Polling data suggests that the economy is the top issue of concern for voters heading into the November elections. An Economist/YouGov survey conducted last week found that inflation (22%) and immigration (14%) were the two most important issues for voters. Brat noted that economic worries have been so persistent, in fact, that even pro-Biden mainstream media outlets have been forced to cover the issue.

“[T]he one thing that does matter is the gasoline price and inflation in general,” he emphasized. “All the mainstream media, the Axios’s and the CNN’s were writing letters and doing news pieces, talking to the White House six months ago, a year ago, saying, ‘Hello, wake up. Inflation. The American people are very upset with you right now because you’ve told them nothing about your plans to get rid of inflation.’ And so that one will last.”

Brat went on to detail how the border crisis and economic concerns have led to political realignment within the American electorate.

“[W]hen you add the border invasion and the negative economic effects on the African American community, the Hispanic community, [they] are flooding over to this new realignment of the middle class under the Republican populist piece, the Hispanics even more so,” he underscored. “And so the Left is just running scared right now and imploding. … [I]n the past, if the Republicans would have got[ten] 5% more of the minority vote, they would have won. Now it’s in the 20% range based on the economy.”

Brat concluded by highlighting how job market complexities will also likely play a considerable factor at the ballot box in November.

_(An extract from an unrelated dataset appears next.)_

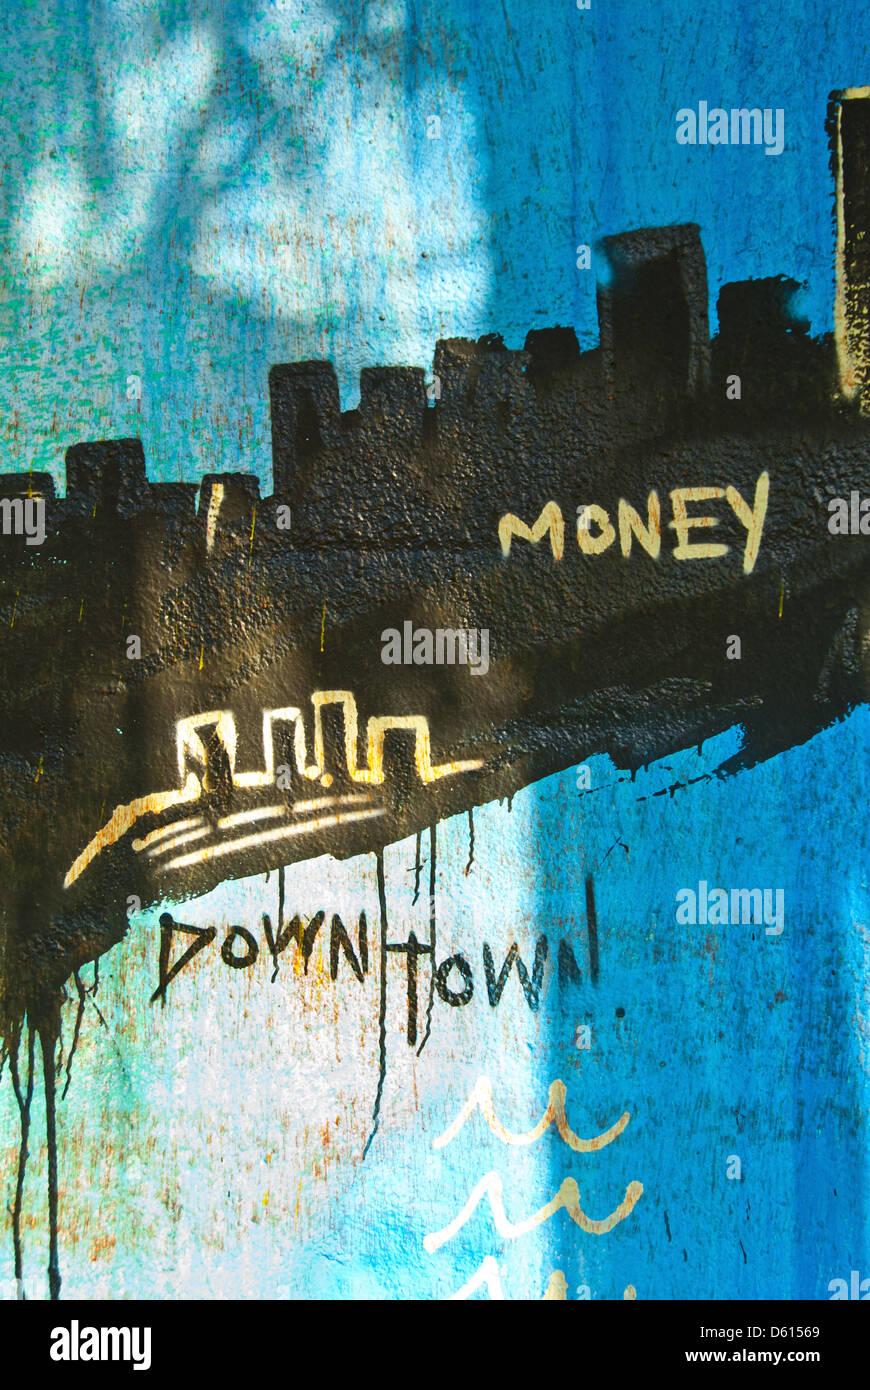 Graffiti wall usa - Graffiti Wall Art In Wynwood Arts District Of Miami Florida Usa

“[A]ll the new jobs in the past year have been part-time; full-time jobs have actually decreased,” And then over the past four years, all of the net new jobs have gone to foreign-born workers. … [T]hat is why we’ve got a lot of new friends in this new coalition. … [I]t’s this new populist Republican [movement] that cares about people and the middle class. And I think you’re going to see a major realignment in the votes this coming November because of those economic factors.”

Dan Hart is senior editor at The Washington Stand.